President Milosovivcz was shown the direct impact IFOR action would have on the Serbian military and the combat effectiveness of his forces. The convincing diesplay of superior information had the desired effect ....... then. Some celebrated this as the 'first victory' for 'Information Warfare' and 'Information Superiority' received worldwide recognition after it was shown that it positively contributed to the ceasing of military activity and the attainment of political objectives.
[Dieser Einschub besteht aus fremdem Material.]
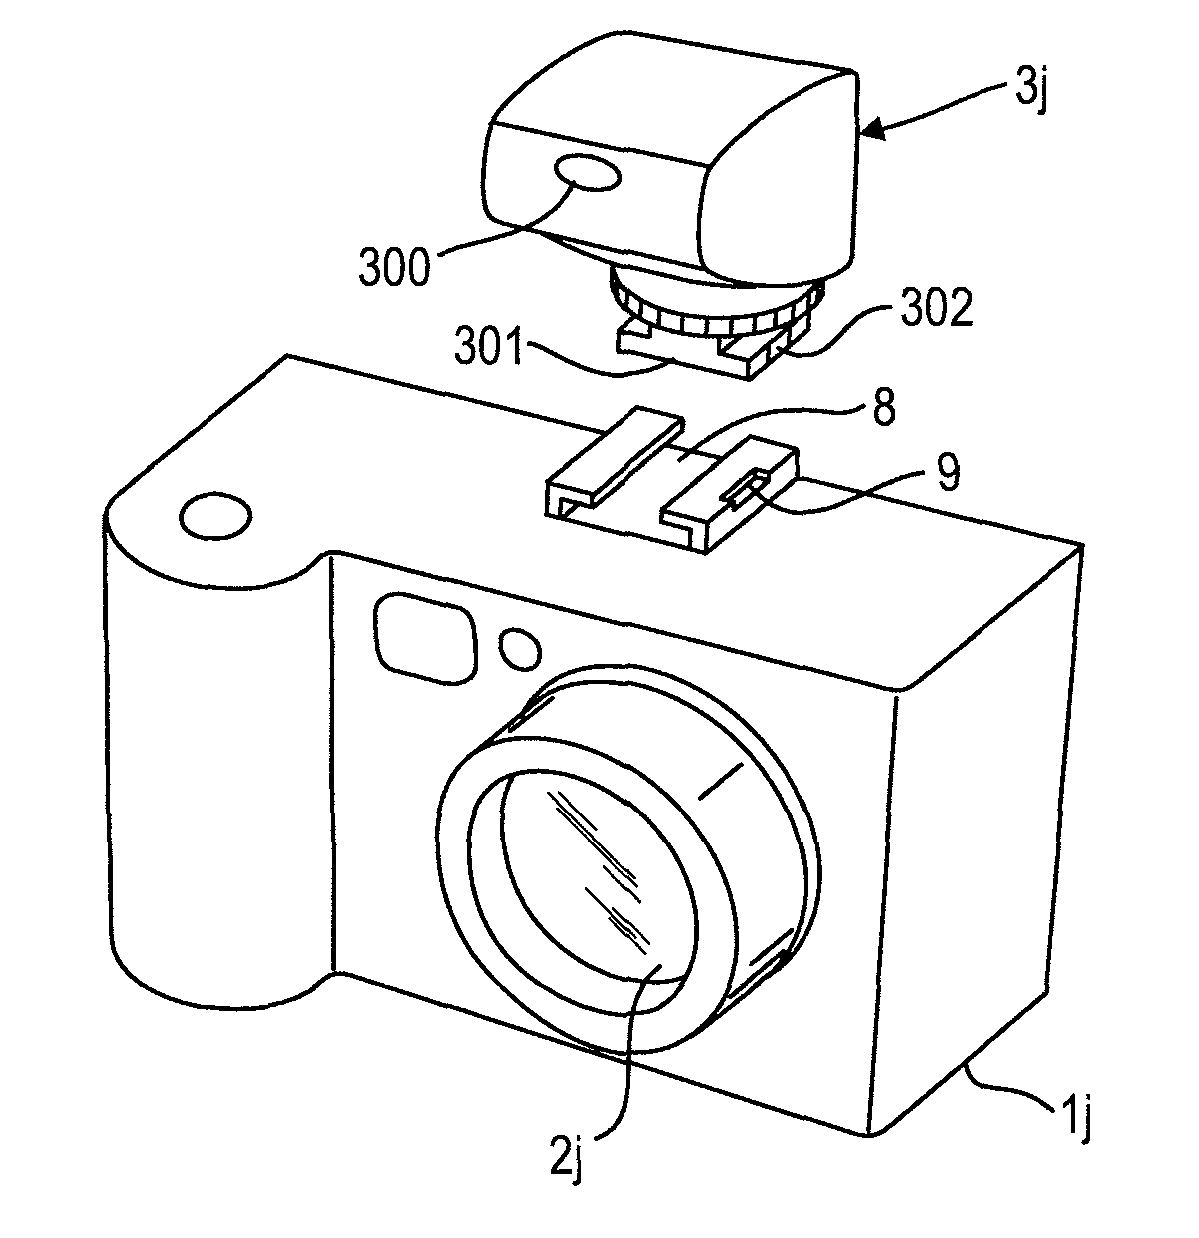 Camera with radar system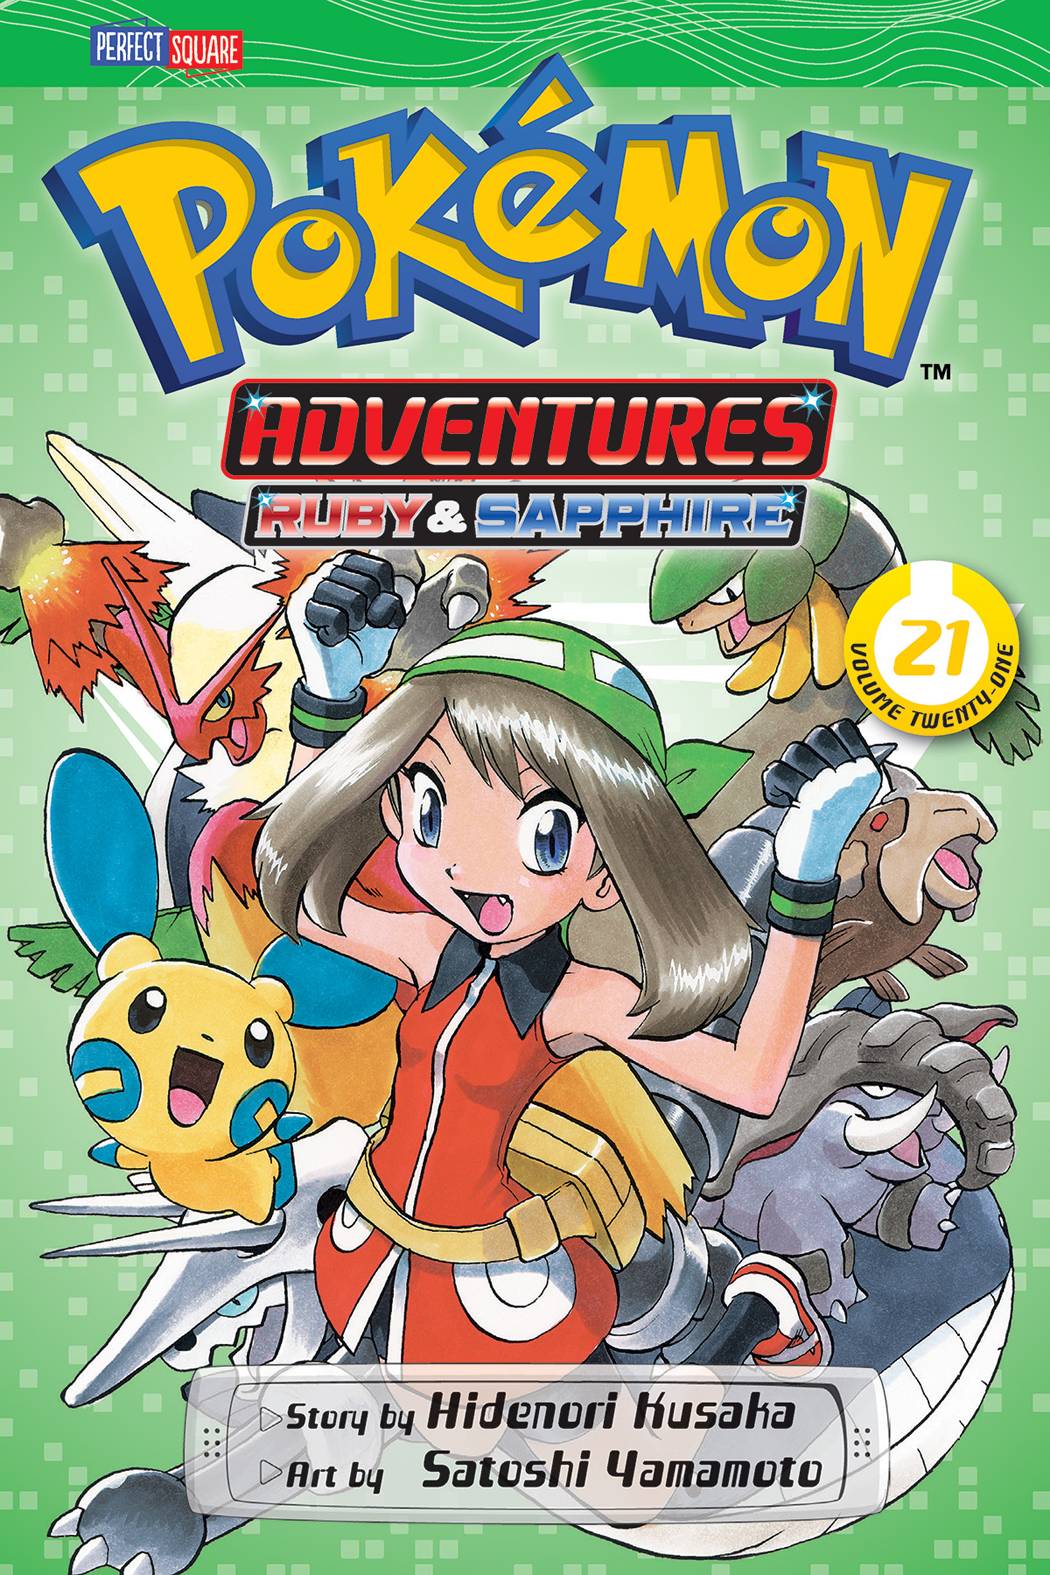 Pokémon Adventure Manga Volume 21 Ruby Sapphire

Heute wissen wir, dass sich Milosevic vielleicht nach außen hin beeindruckt zeigte, aber nicht wirklich beeindruckt war. Der Krieg ging weiter, in aller Brutalität, nur die NATO feierte ihr Konzept und obendrein das angebliche Präzisionsbomben, das bekanntlich Gaddafi in Libyen binnen kürzester Zeit zur Aufgabe bringen sollte. Alle großartigen Ideen vom künftigen Cyber-War wurzeln in der Idee von der Information Superiority: Im Bewusstsein, die überwältigend besseren Informationen zu haben, wird losgeschlagen, weil die Informationen der anderen notwendigerweise Informationsmüll sind. Doch auch in diesem kommenden Krieg wird das erste Opfer die Wahrheit sein und Facebook das zweite. Über den Rest, das Tralala von Social Media und Open Government, wird ein hübsches Tuch gezogen, das vom Gestank der Verwesung ablenkt. Als "Sieger" bleibt die Firma übrig, die als Suchmaschine die militärische Variante der "Information Superiority" oder bei uns halt als "NetOpFü" geliefert hat.

Was wird.

Bekanntermaßen ist in dieser Woche in Dresden ein Fall von massenhafter Datenauswertung über eine Demonstration bekannt geworden, der vielleicht besser als "Dresdener Kessel" behandelt werden sollte. Denn mittlerweile stellt sich heraus, das offenbar ganz Dresden überwacht wurde und mehr als eine Million Verbindungsdaten durch das SS8-System der Provider bei den sächsischen Fallanalytikern ausgewertet wurden. Die Aktion ist eine Art Erinnerungsgala an die Entscheidung des Bundesverfassungsgerichtes über die informationelle Selbstbestimmung beim Volkszählungsurteil von 1983: Wer weiß, dass er überwacht wird, wird nicht auf Demonstrationen gehen. "Wer unsicher ist, ob abweichende Verhaltensweisen jederzeit notiert und als Information dauerhaft gespeichert, verwendet oder weitergegeben werden, wird versuchen, nicht durch solche Verhaltensweisen aufzufallen." Das wäre das Ende aller Demokratie. Nett, nett, dass sich gerade die Polizeitage in Kiel in der anstehenden Woche mit dem leidigen Thema IT und Persönlichkeitsschutz beschäftigen. Da lobt man sich doch, dass gerade ein alternativer Polizeikongress für " eine alternative Polizeipolitik", "für mehr Transparenz und Verantwortung bei der Polizei" trommelte. Bullen, hört die Signale! (jk)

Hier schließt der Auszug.